## Prompt
Transcribe the full listing exactly, and drop every picture.

Study material section start

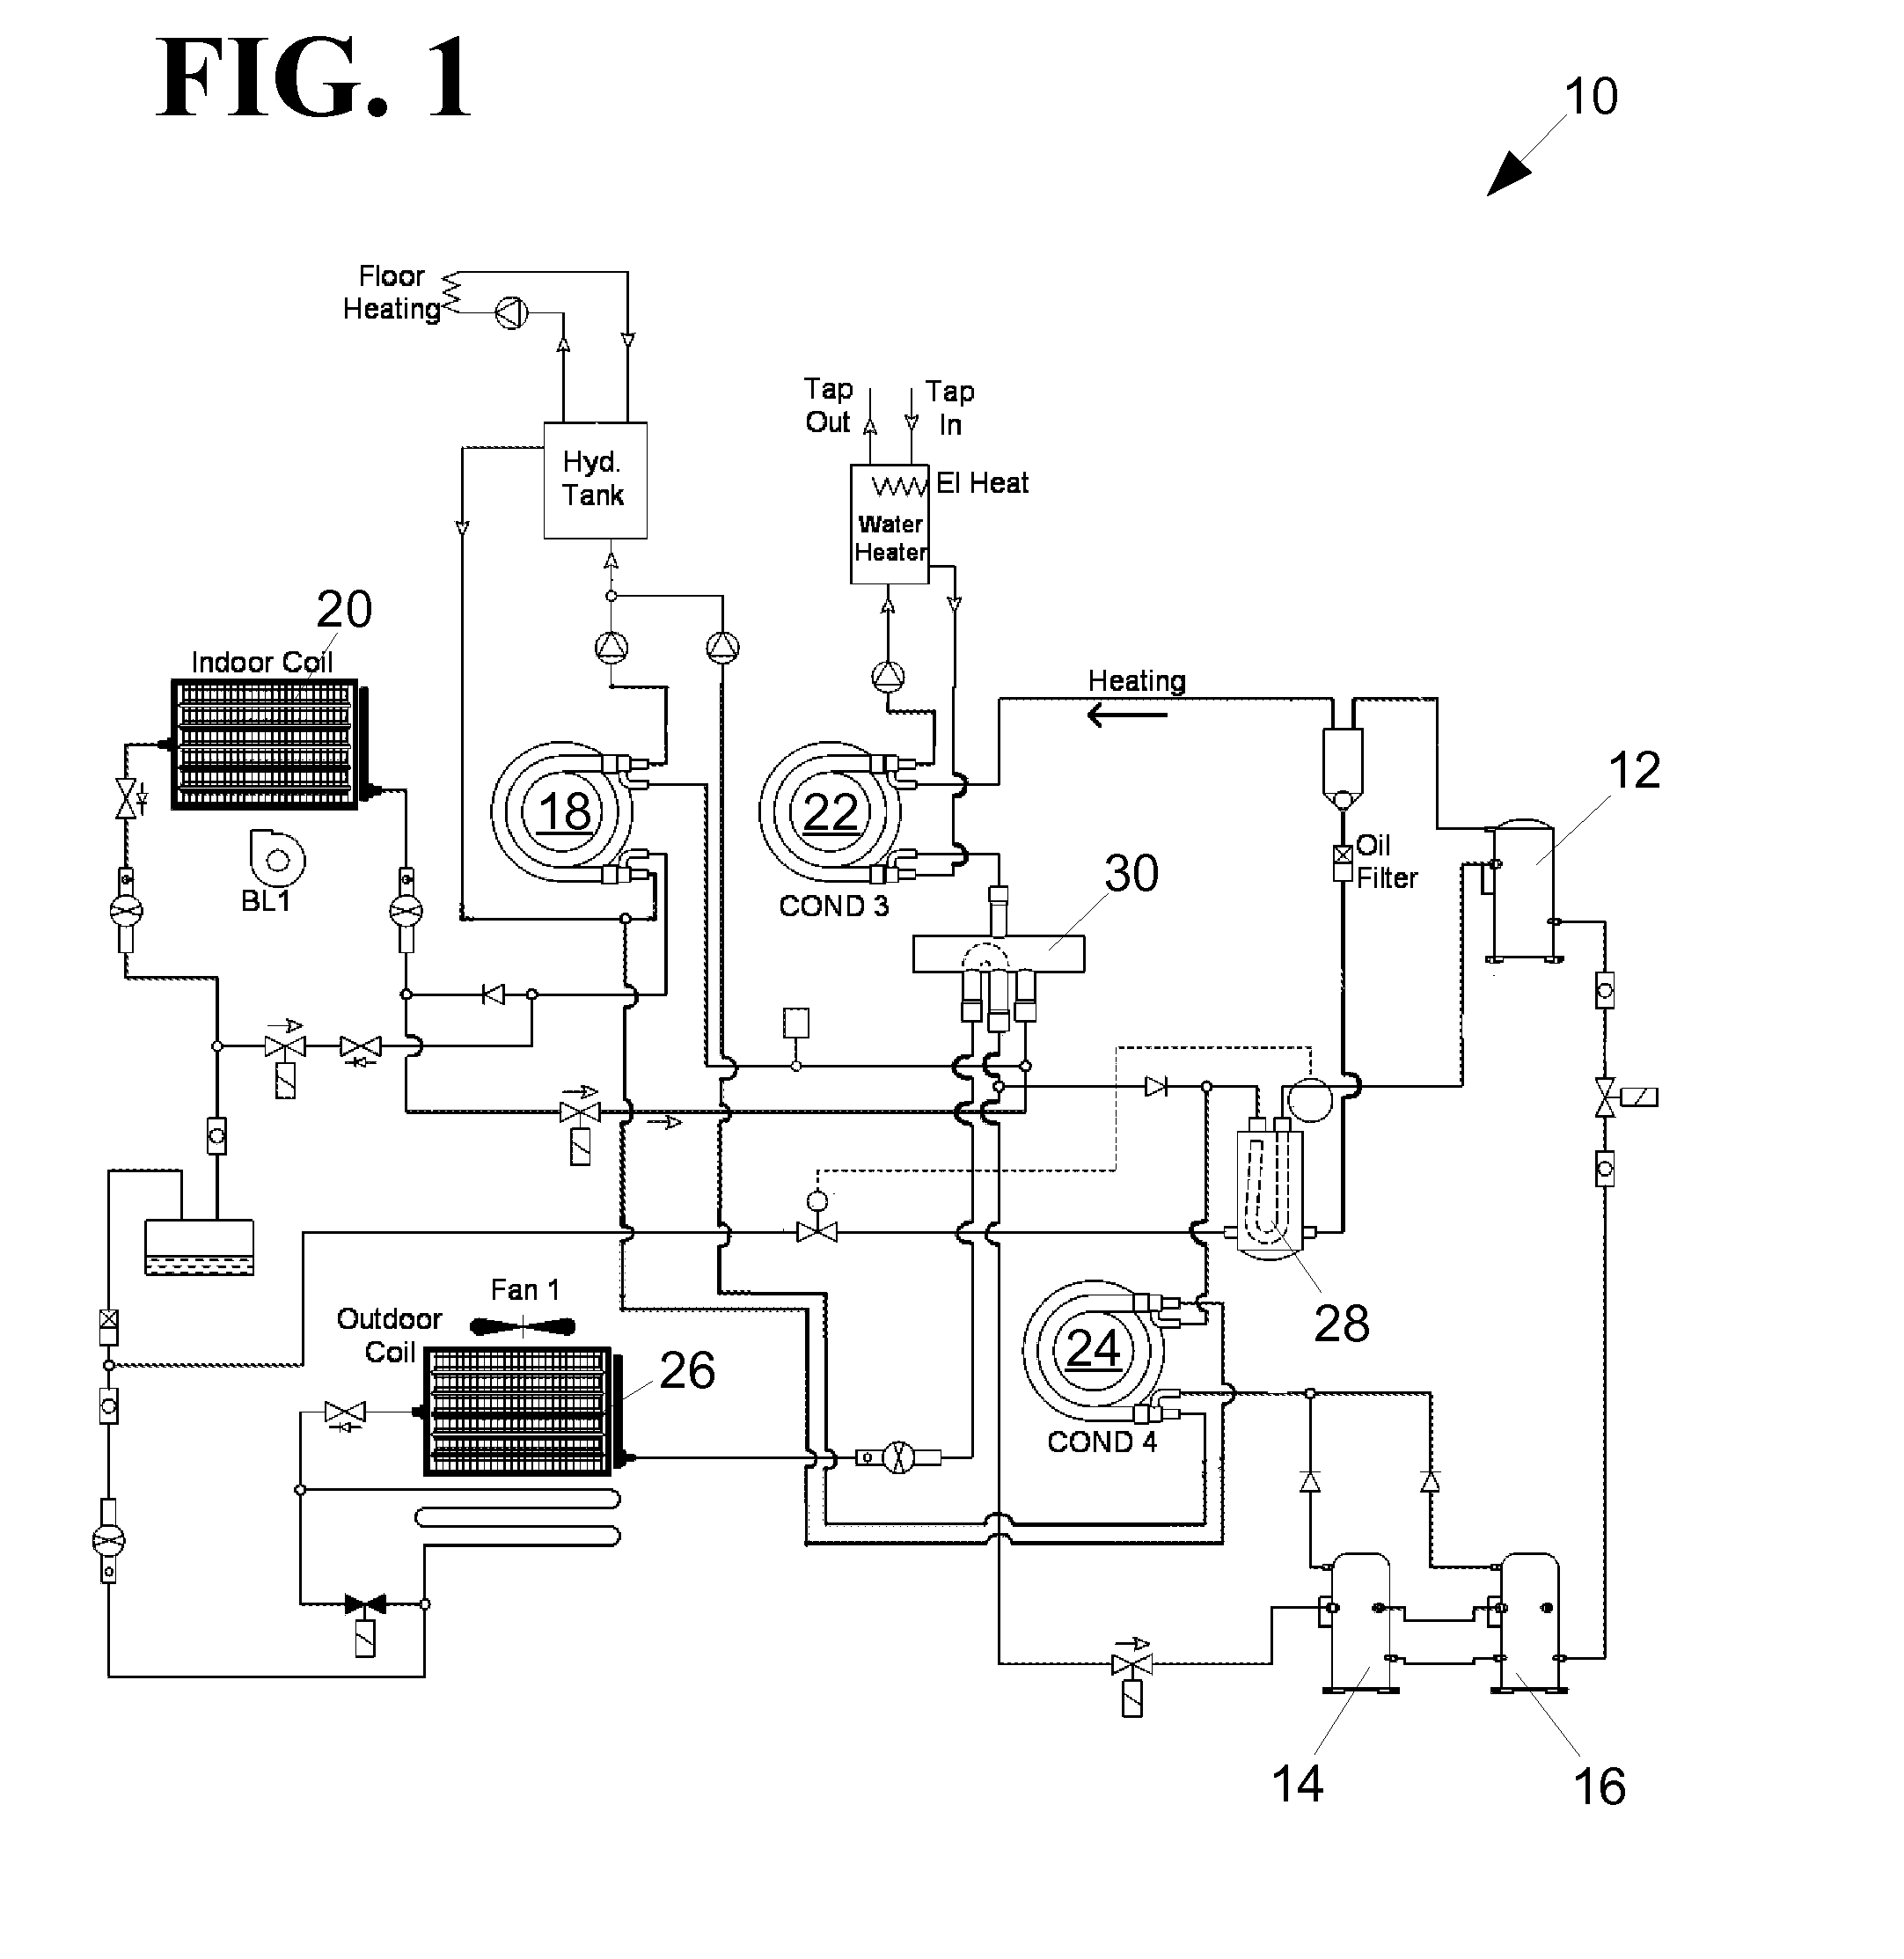 Heat pump system with extended run time boost compressor
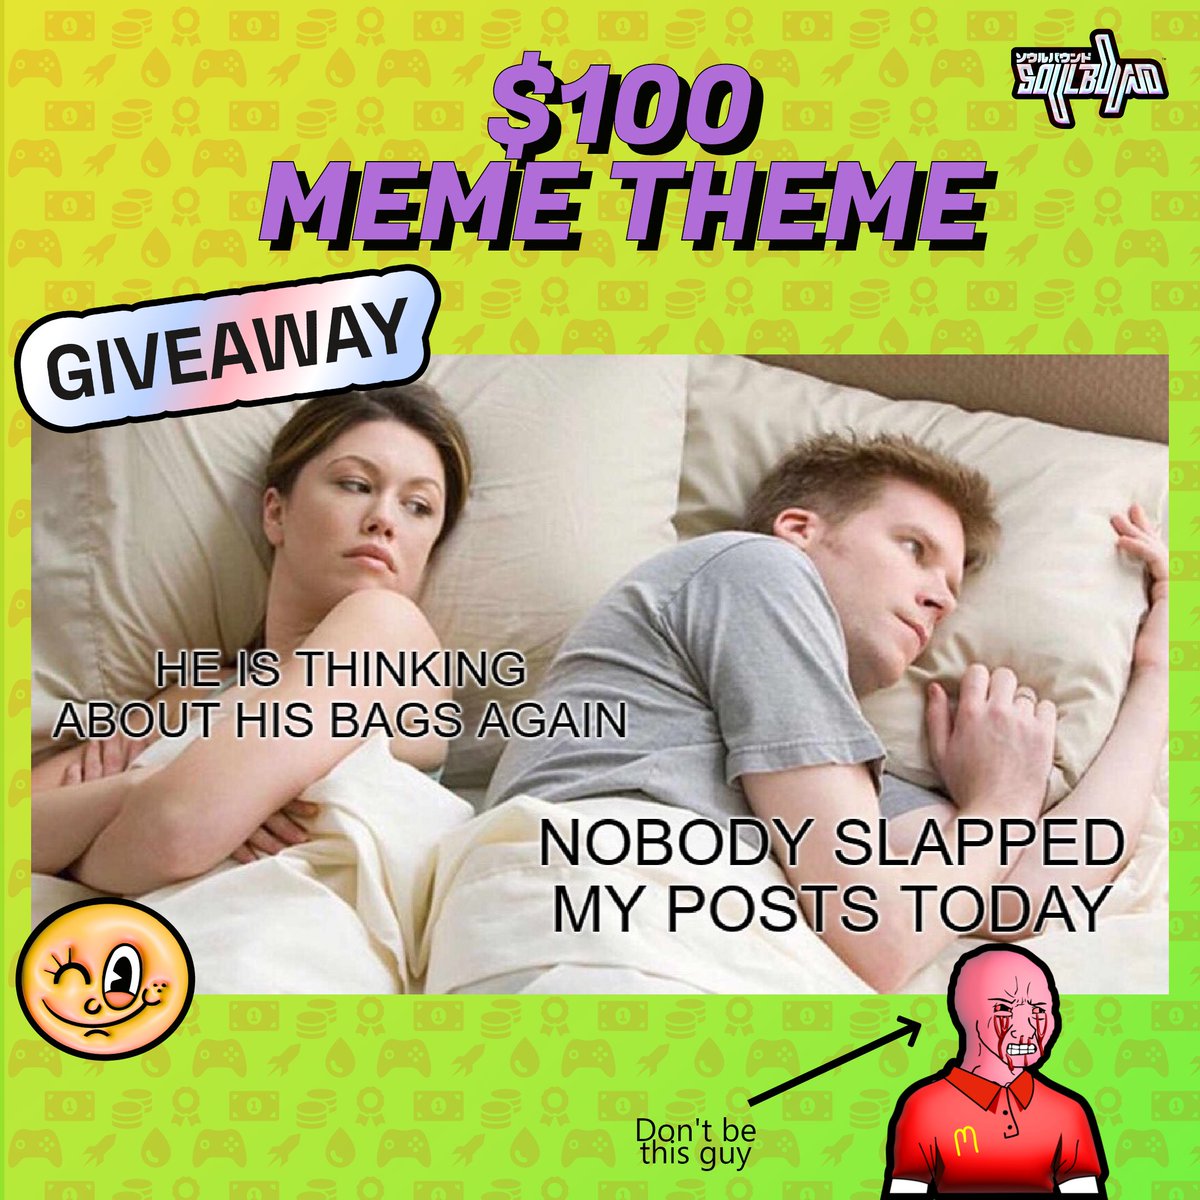 Good Morning Soulmates! 

Soulbound Meme Theme Contest 🎉

$100USD is up for grabs! To enter: 👇

◻️ Follow @Soulbound_GG 
◻️ Make a meme about Soulbound or DRIP 
◻️ Post it on Soulbound
◻️ screenshot your post and submit here

Good Luck

Study material section end

## Exercise output
 Heat pump system with extended run time boost compressor
 Good Morning Soulmates! 

Soulbound Meme Theme Contest 🎉

$100USD is up for grabs! To enter: 👇

◻️ Follow @Soulbound_GG 
◻️ Make a meme about Soulbound or DRIP 
◻️ Post it on Soulbound
◻️ screenshot your post and submit here

Good Luck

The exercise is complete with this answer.